La sollicitude dont l’Américain a entouré l’enseignement en Californie est la meilleure preuve de l’importance qu’il y attache. Une sauvage et tumultueuse anarchie, des crises redoutables se succédant sans intermittence, semblaient devoir écarter de cette population agenouillée devant le veau d’or toute préoccupation étrangère au culte du dollar; les enfans, qui plus est, étaient alors assez peu nombreux pour que, dans l’effervescence universelle qui suivit la découverte des placers, les magistrats que nous avons vus tellement au-dessous de leurs fonctions fussent excusables d’oublier un peu les écoles. Dès le lendemain de la conquête pourtant, des institutions primaires se fondaient à San-Francisco, et la municipalité les défrayait des dépenses qu’elles eussent été hors d’état de supporter. Ce ne furent d’abord que des entreprises particulières patronnées et subventionnées, mais que ne reliait aucun système; en 1851, le colonel Nevins fut chargé de proposer un projet de loi qui réglât définitivement la situation de l’enseignement primaire à San-Francisco. Ce colonel, qui acceptait les modestes fonctions d’instituteur (on a vu le même emploi occupé par des juges, des sheriffs, des maîtres de poste), était tout simplement le représentant d’une de ces sociétés si répandues dans les pays protestans, et qui se proposent pour but la propagation d’ouvrages de piété[1]. La loi fut immédiatement votée, et à partir de ce moment la ville supporta sans partage les frais des écoles, frais rendus fort onéreux par l’exorbitante élévation de tous les prix à cette époque. Les résultats, il est vrai, étaient

  1. Peu de personnes connaissent en France l’existence de ces sociétés, à plus forte raison leur développement et l’extension de leurs ressources; elles ont leurs budgets, leurs libraires, leurs agens, leurs colporteurs, tout un personnel enfin, et si l’on en juge par la profusion avec laquelle elles distribuent leurs produits, on ne pourra que concevoir la plus haute idée de la munificence des fidèles qui alimentent cette active propagande.
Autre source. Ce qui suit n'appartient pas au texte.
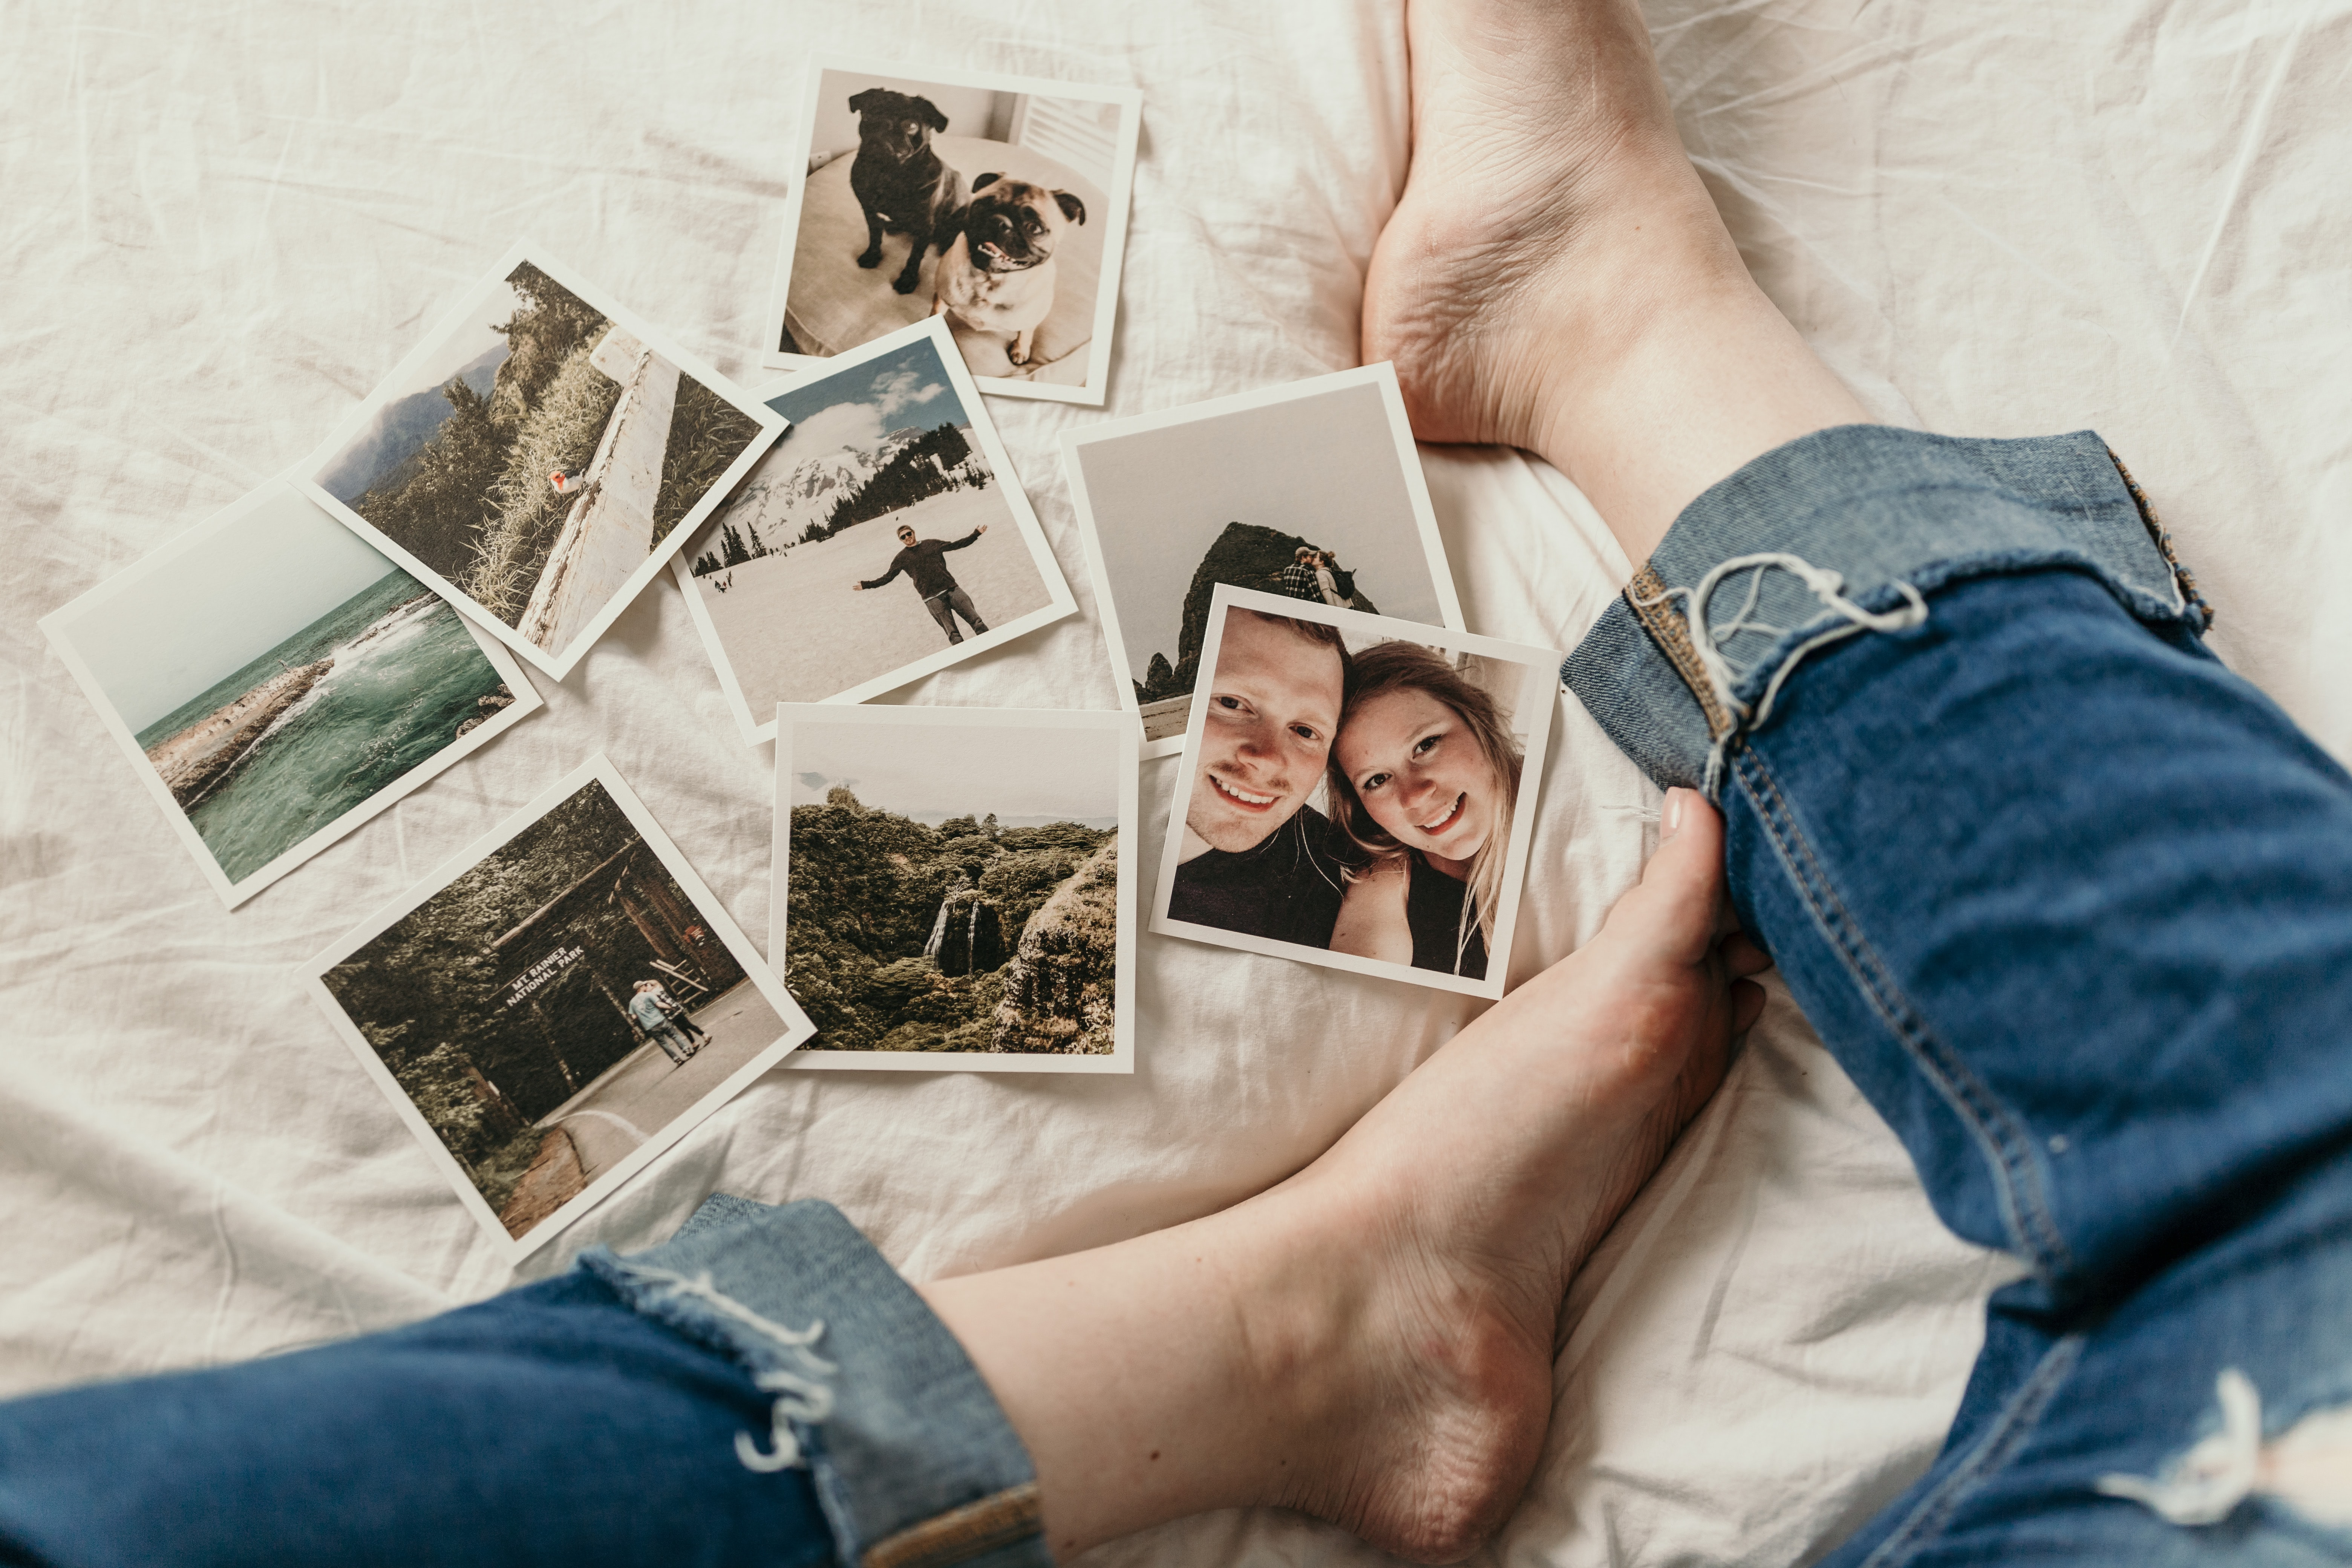 Den bedste gave er en flot fotobog

Les titres des brochures ou tracts qui forment la base de ces largesses, et dont la variété est, on peut le dire, infinie, ces titres sont souvent curieux : Voix du sein des flammes, Miettes du repas de la vie, Rêves de l’homme affairé. Comment Jean Berridge découvrit sa grande erreur, etc. L’une de ces sociétés a poussé le zèle jusqu’à faire imprimer des assortimens de feuilles volantes de la taille des diverses enveloppes de lettres en usage, afin de pouvoir glisser au besoin la nourriture spirituelle dans une correspondance ordinaire; pour plus de clarté, cette nourriture elle-même est classée sous différens chefs, comfort n° 2 par exemple, c’est-à-dire feuilles traitant de consolation et de la grandeur d’enveloppes n° 2; espérance n° 4, et ainsi de suite. — La première de ces sociétés qui se fonda en Californie fut la Bible Society dès 1811), puis la Pacific Tract Society en 1850, la Young men’s Christian Association, etc.